_EXERCISE REQUIREMENTS_
A precise copy of the data is required, with every picture left out.

_DATA PROVIDED_
------------------------------------------------

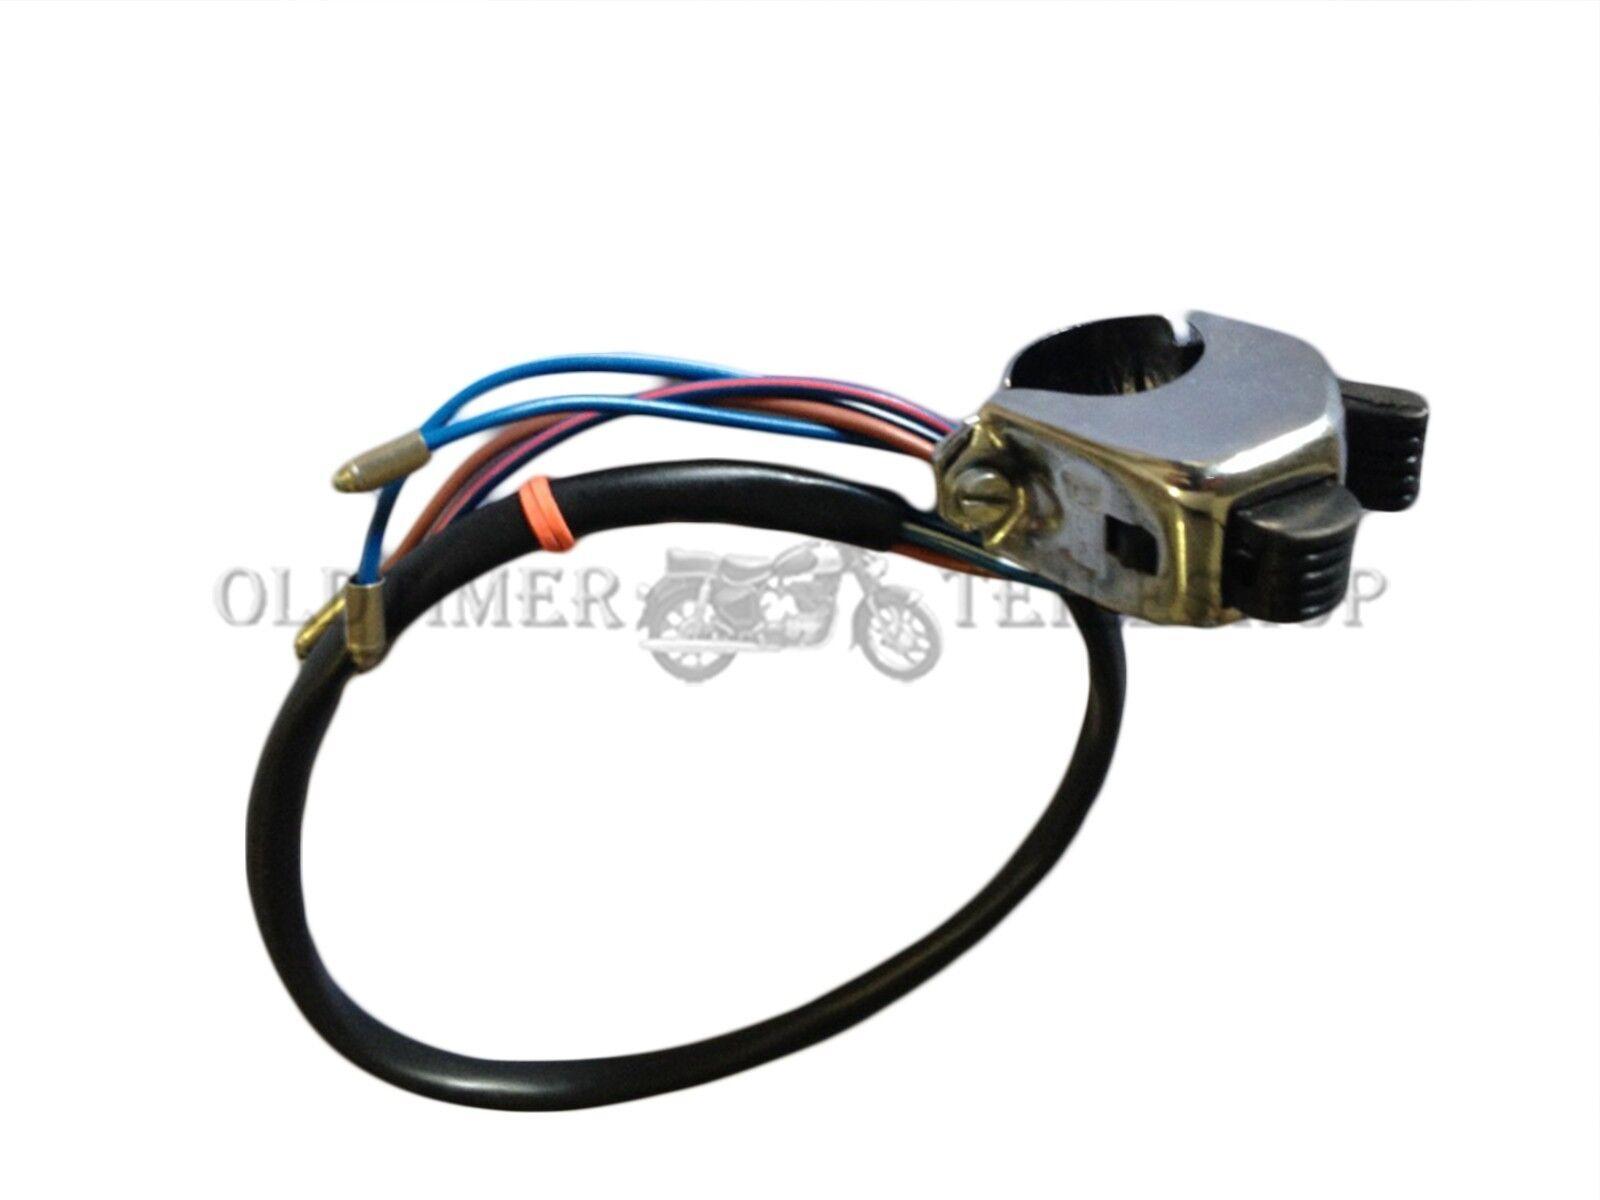 Interruptor luz de cruce peque o con bot n bocina para tcs - Interruptor de cruce ...
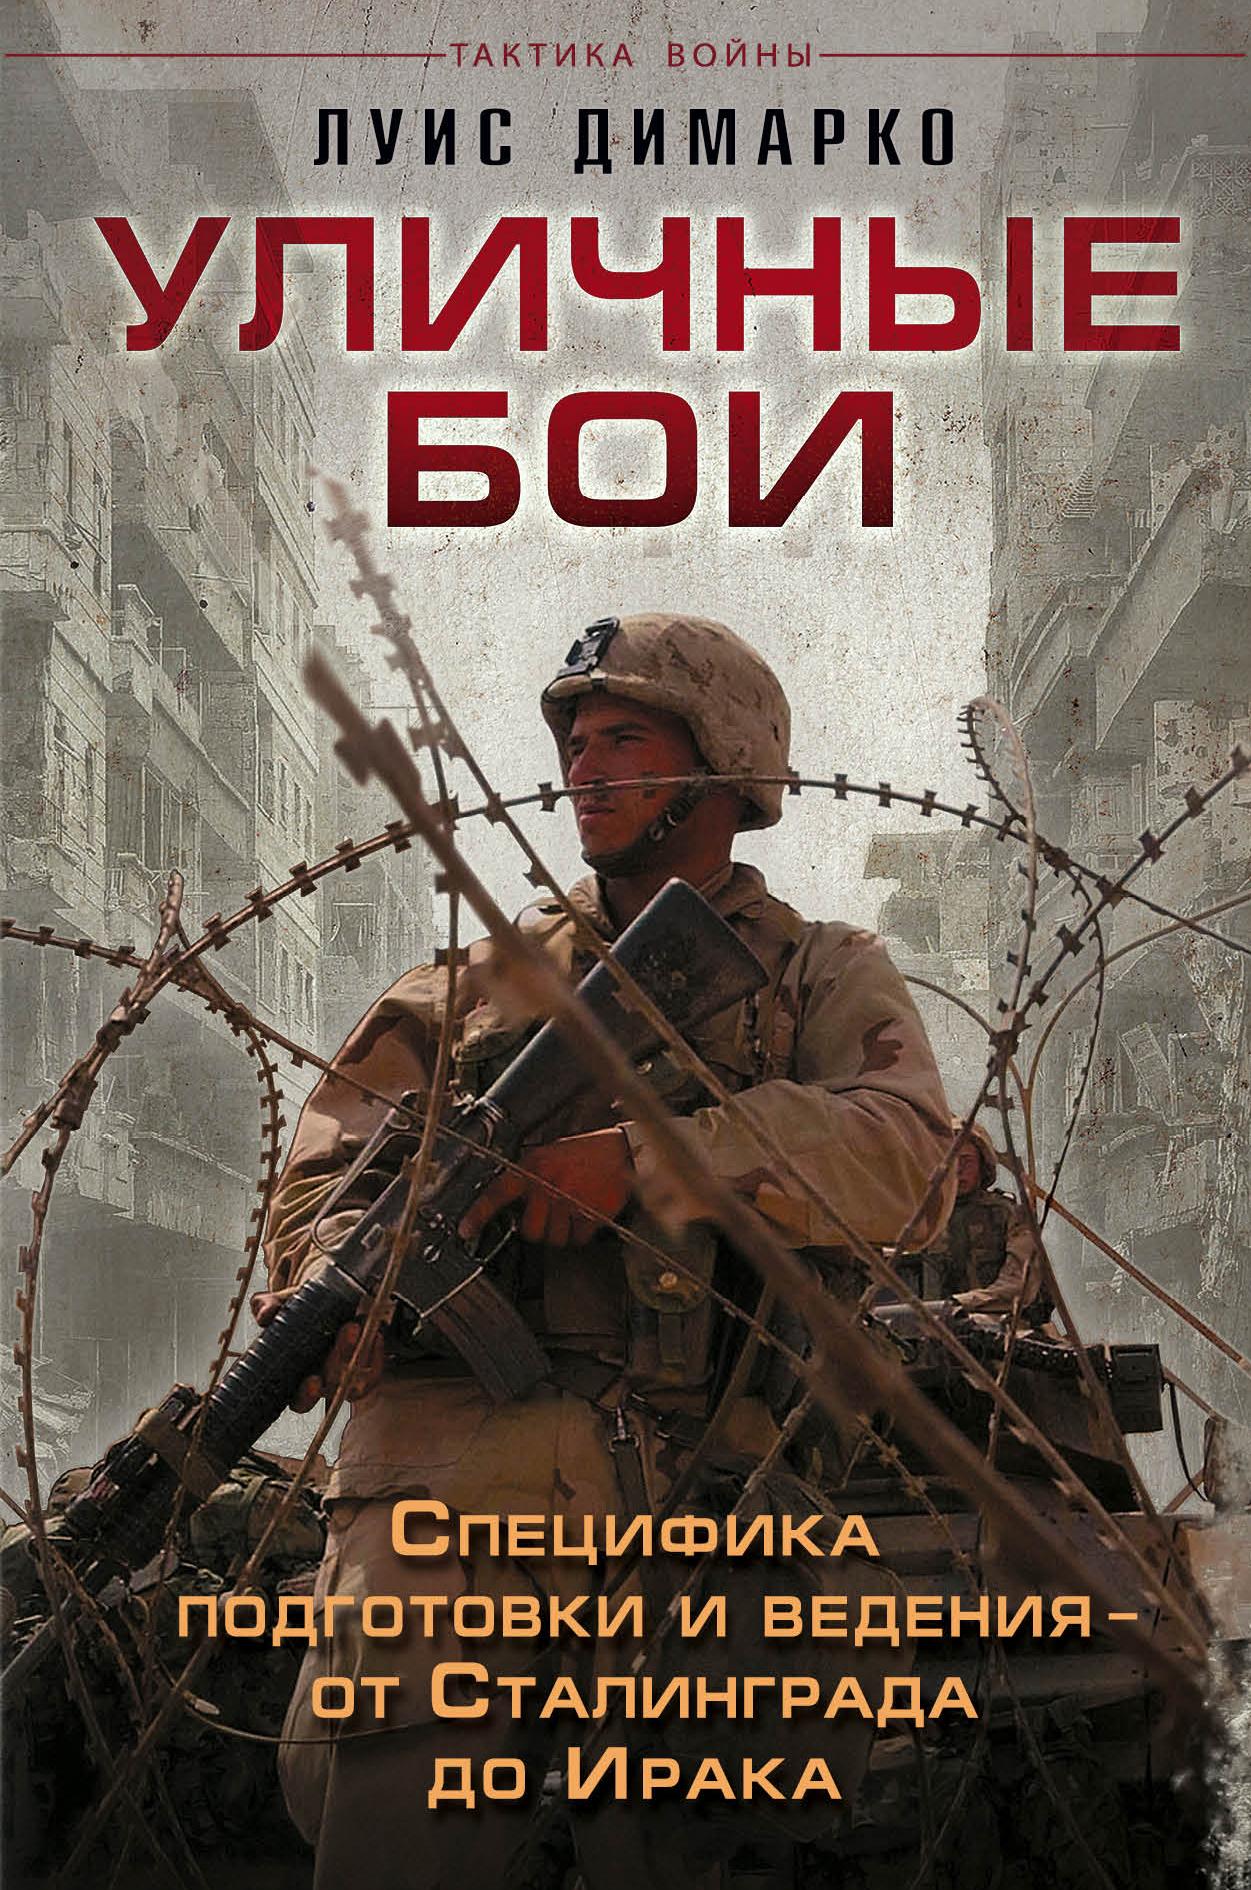 Уличные бои. Специфика подготовки и ведения - от Сталинграда до Ирака
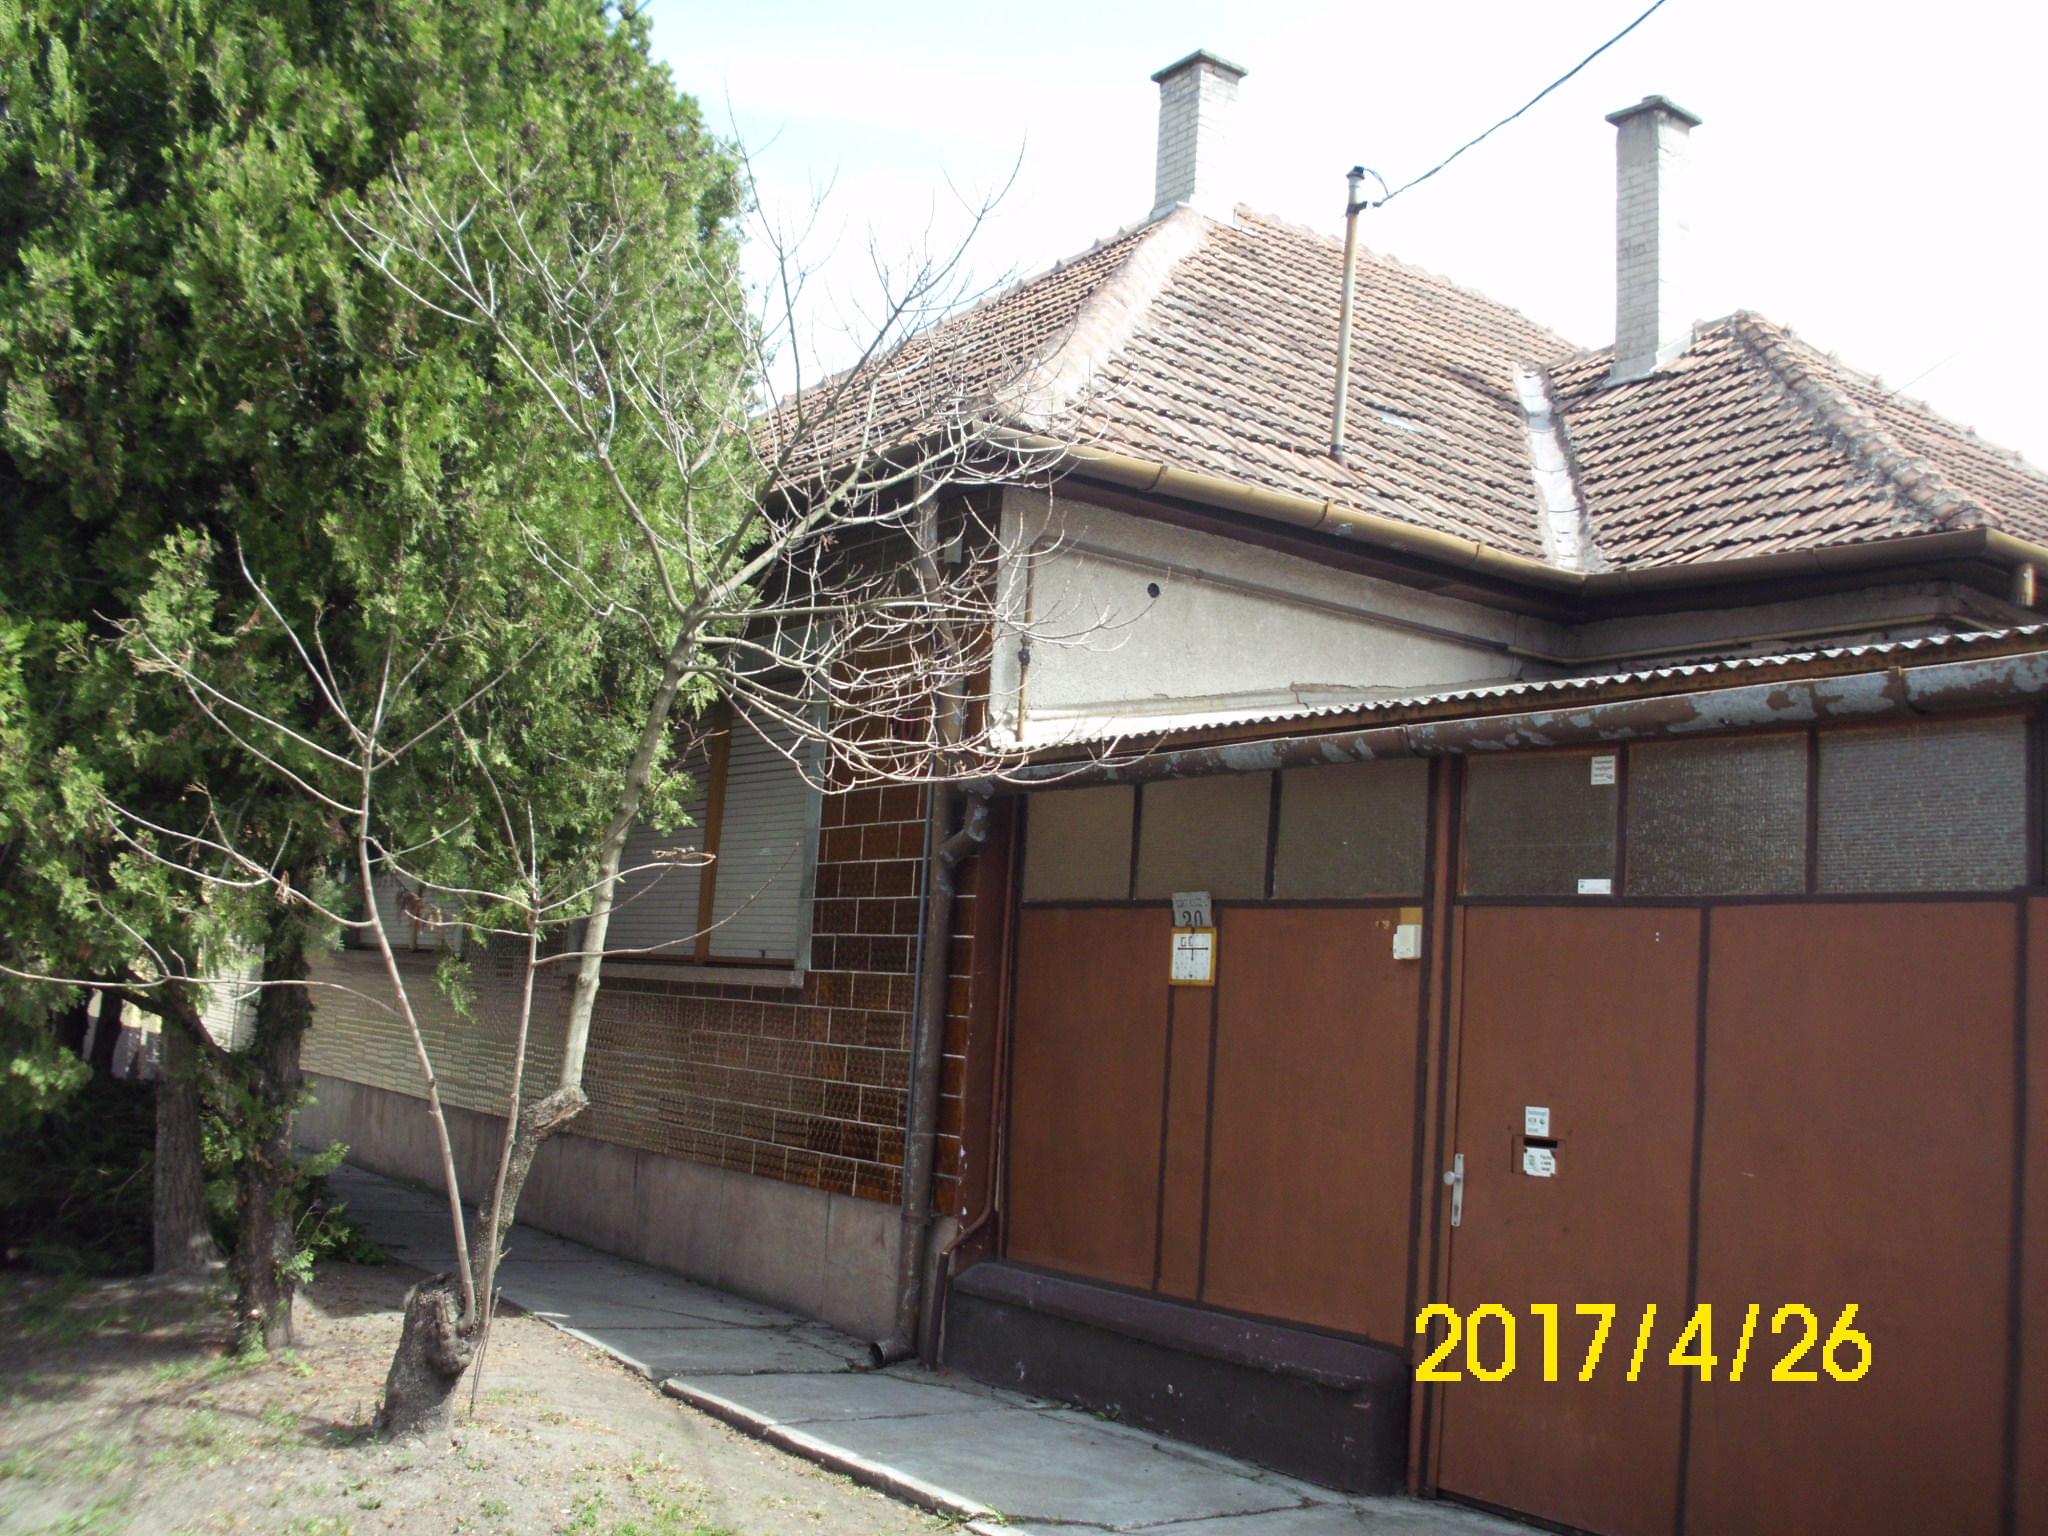 Jó állapotú városközponthoz közeli családi ház.

------------------------------------------------

_SOLUTION TO THE EXERCISE_
 Interruptor luz de cruce peque o con bot n bocina para tcs - Interruptor de cruce ...
 Уличные бои. Специфика подготовки и ведения - от Сталинграда до Ирака
 Jó állapotú városközponthoz közeli családi ház.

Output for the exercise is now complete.